Upon reaching the copper gates, I expect more fear, nerves, even anger, but strangely I am empty when I meet the gaze of the first guard.
‘State your business,’ she says flatly.
I hold my palm parallel to my chin, knuckles forward in their customary greeting. ‘I am here to enlist at your citadel.’ I speak slowly but her eyes narrow. Even two years of practising the uniform dialect of Sajamistan is futile. A native speaker will always weed out an imposter.
‘Enlistment? Into what?’
‘Into an army of Sajamistan.’
She blinks, taking in my peasant garb, my gaunt looks. ‘Take her scrolls. Search her before she goes in,’ she orders her comrade.
I cede the scroll which is a contract to a clan-master’s house in the Ghaznian village, prepared by my uncle.
Except for my pathetic dagger, I have no other belongings, but the guards are forced to pat along my limbs and back anyway.
They roll up my sleeves, so it does not take them long to notice the crane symbols marring my forearms.
‘Is this black humour? You’re from Azadniabad?’ the guard demands, her grip tight on my wrist.
‘I am, as my papers indicate. The merchants here will recognise me as a local servant for years. I was captured in a raid from Tezmi’a and taken as a servant to be a shepherd for my master.
But he died of an illness only last eve.
With my master gone, and no land or wealth to my name, his will ended my contract, and I want to enlist in the Eajīz battalion.
’ I say this part quickly, but it only infuriates the guard further.
She twists her foot, and in a blink, my arm is wrenched low against my back.
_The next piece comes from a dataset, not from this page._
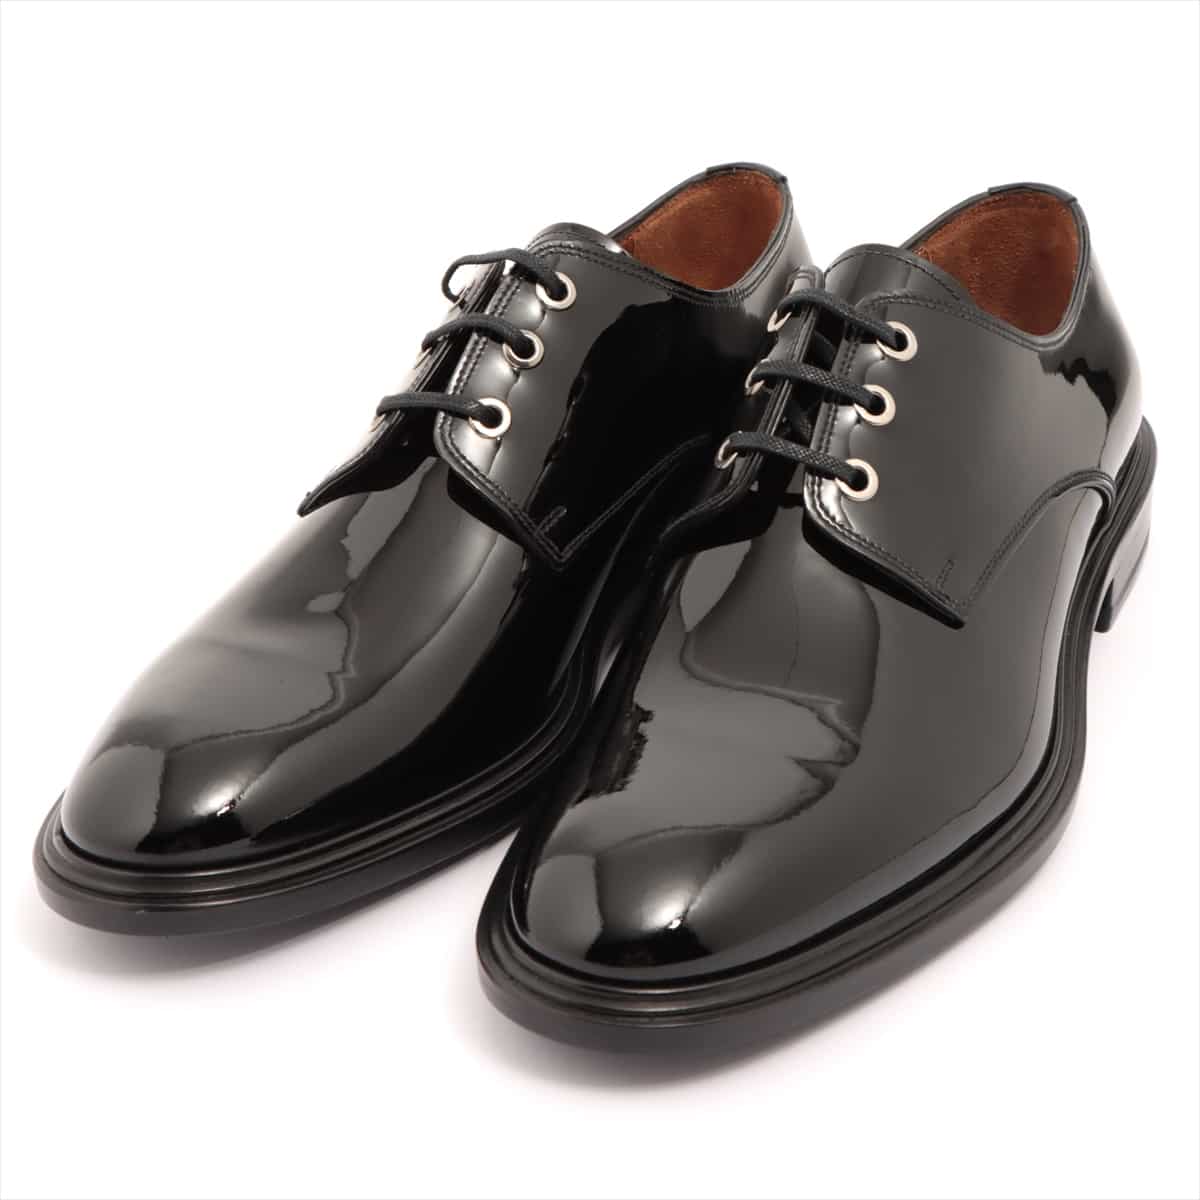 Givenchy Patent leather Dress shoes 41 1/2 Men's Black BM8050
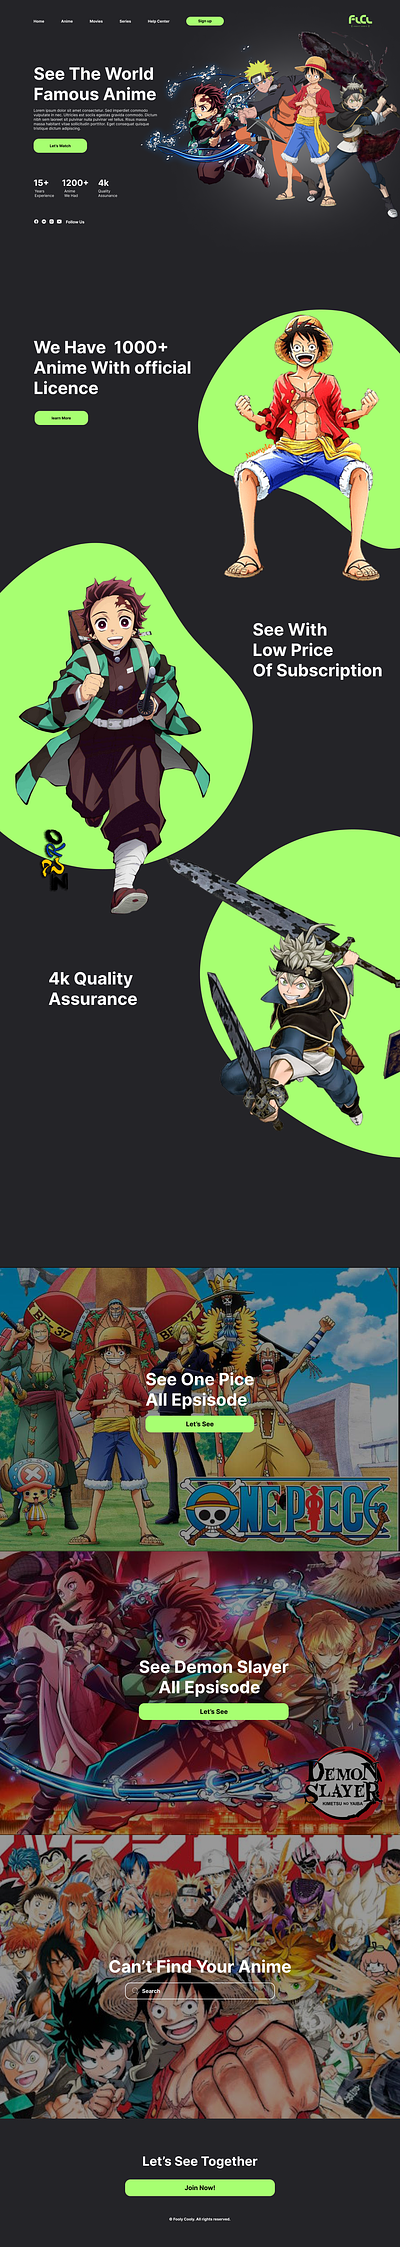 Anime Website anime anime and cartoon anime website app app design cartoon graphics design ui ux website

I gasp out from the tearing of my shoulder.
‘Your kind dares,’ she breathes against my ear, ‘enter one of our armies?’
My teeth grit as she pulls harder, but I force out the words, ‘Bring me to an administrator. I am an Eajīz, and I can very well prove—’
She throws me on to the cold dirt, but my arms cushion the fall.
I lift on to one knee and breathe out a prayer before my right hand flicks forward, the Heavenly bonds along my knuckles splintering open.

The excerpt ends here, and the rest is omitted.